Release
Date:
15 January 1990
Tablet
Values:
6 x 40c
Artist:
Clive Abbott
Printer:
The House of Questa Limited
Process:
Lithography
Paper:
CA Watermark
Stamp
Size:
28.45 x 42.58 mm
Perforation
Gauge:
14 per 2 cm
Pane
Format:
Sheetlet 110 x 152 mm of six stamps with brief descriptive text
Mint and
CTO:
$2.40
First Day
Cover:
$2.90
There are many accounts of the movements of the Bounty as those aboard sought refuge from the consequences of mutiny; those of you who are students of Pitcairn's history will be familiar with them.
We rely here on Frank Clune (Journey to Pitcairn, Angus & Robertson, Sydney 1966), who draws on the journal of James Morrison, boatswain's mate on the Bounty, for his information.
A month to the day after the mutiny the vessel reached Tubuai in the Austral group but crew members were prevented from landing by the unfriendly reception accorded them by the inhabitants.
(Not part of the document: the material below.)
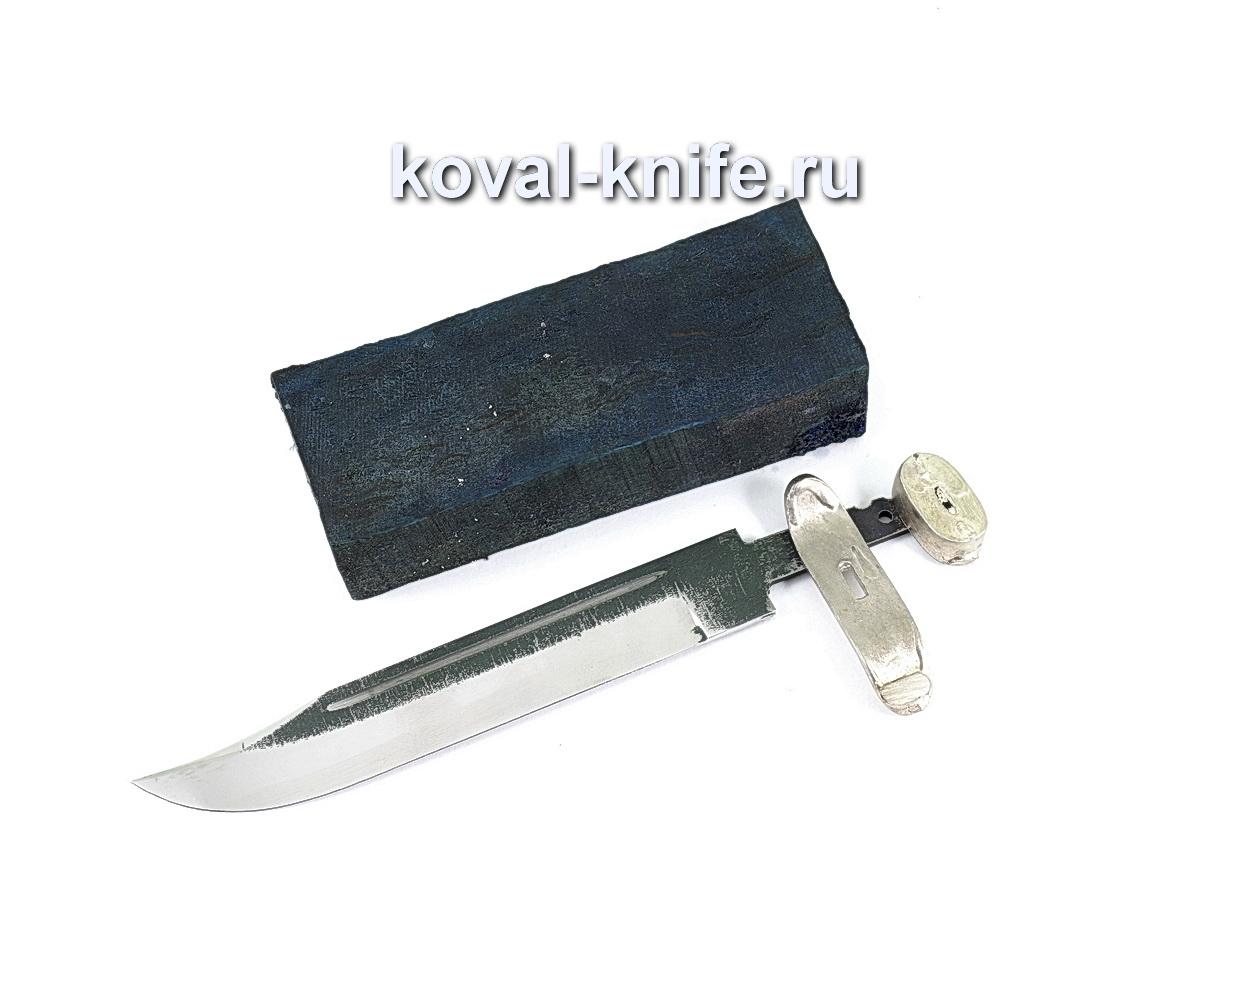 Комплект для ножа НР-40 6 (клинок кованая 110х18 2,4-2,5мм, литье 2шт., граб брусок)
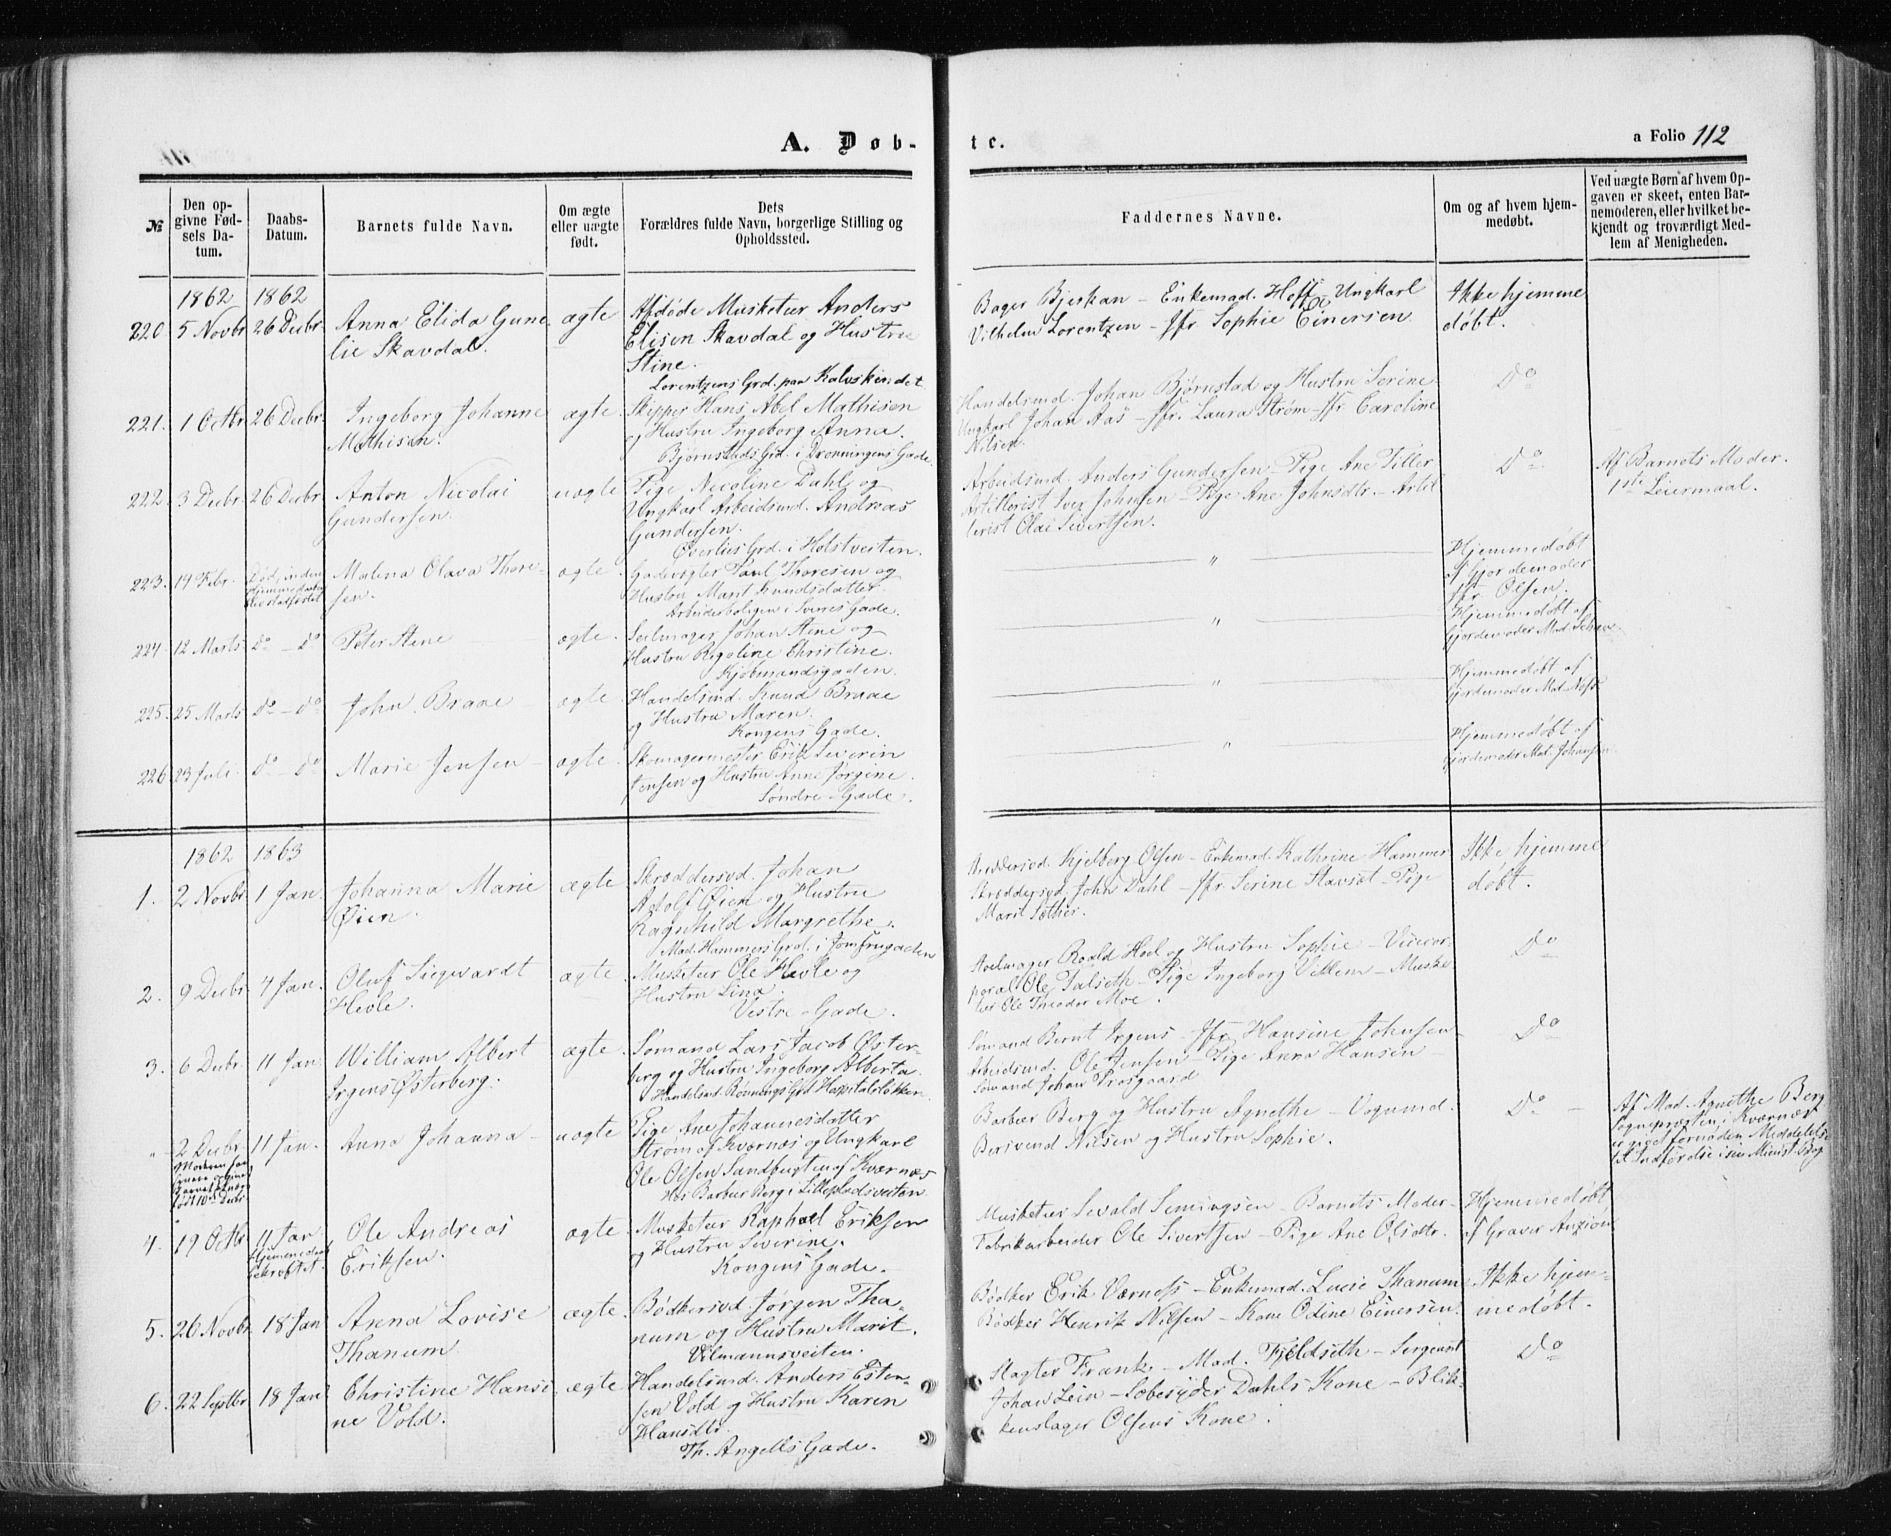 SAT, Ministerialprotokoller, klokkerbøker og fødselsregistre - Sør-Trøndelag, 601/L0053: Ministerialbok nr. 601A21, 1857-1865, s. 112

After three days of conflict, Bounty headed for a familiar anchorage at Matavai Bay in Tahiti, the collection point for the breadfruit which had been the purpose of the voyage from England in the first place.
Here, in the space of ten days, a quantity of livestock was taken on board- 460 hogs, 50 goats, a quantity of fowls, and a few dogs and cats. One wonders how much space was left on the vessel's 90 foot deck!
There followed a second attempt to settle on Tubuai. A landing was made on 23 June - the local inhabitants now more cautious having experienced the destructive power of a four pound cannon loaded with buckshot which had been fired among them as the mutineers made their escape less than a month earlier.
In the ensuing weeks a fort one hundred yards square was built and a genuine attempt to settle was made. The natives arrived offering provisions in an apparent peace offering but this proved no more than a ploy as they had weapons hidden in the surrounding bush to await a favourable chance to attack.
Eventually, because of dissension among the mutineers, a decision was made to return to Tahiti and Bounty departed Tubuai on 17 September, arriving at its destination five days later.
During the course of the day of 22 September, food, ammunition, arms and wine were divided by lot among the twenty five remaining crew members aboard Bounty. It was decided that sixteen men should land and live ashore with their share of the goods and supplies. When this had been accomplished, a number of Tahitians, men and women, clambered aboard the Bounty. The remaining mutineers let it be known they proposed, after a stay of a day or two, to sail in search of an uninhabited island where they could live "without seeing the face of another European" apart from their own shipmates.
That night, without further announcement, Bounty sailed from Matavai Bay.
For two months the vessel combed the Cooks, Tonga and eastern islands of Fiji searching without avail for a suitably isolated hideaway and it was almost in desperation they recalled Carteret's account of the discovery of Pitcairn's Island. Sailing eastward the mutineers eventually had the good fortune to stumble on the island; good fortune it was because Carteret recorded Pitcairn's position three degrees out of its true longitude - a considerable error and one which would have been of little help to anyone looking for it.
The six stamps in the sheetlet together with explanatory notes in the gutter illustrate the discovery, landing and settlement of Pitcairn:
Having landed some of their compatriots in Tahiti
the
nine remaining mutineers and nineteen Polynesians set sail in search of
a remote uninhabited refuge.
On 15 January 1790 'Bounty' reached Pitcairn Island
which
exceeded the mutineers' highest hopes; it proved an admirable
hideaway.
Stripped of her fittings 'Bounty' was burned eight days later and the
new
inhabitants went about settling their new island home.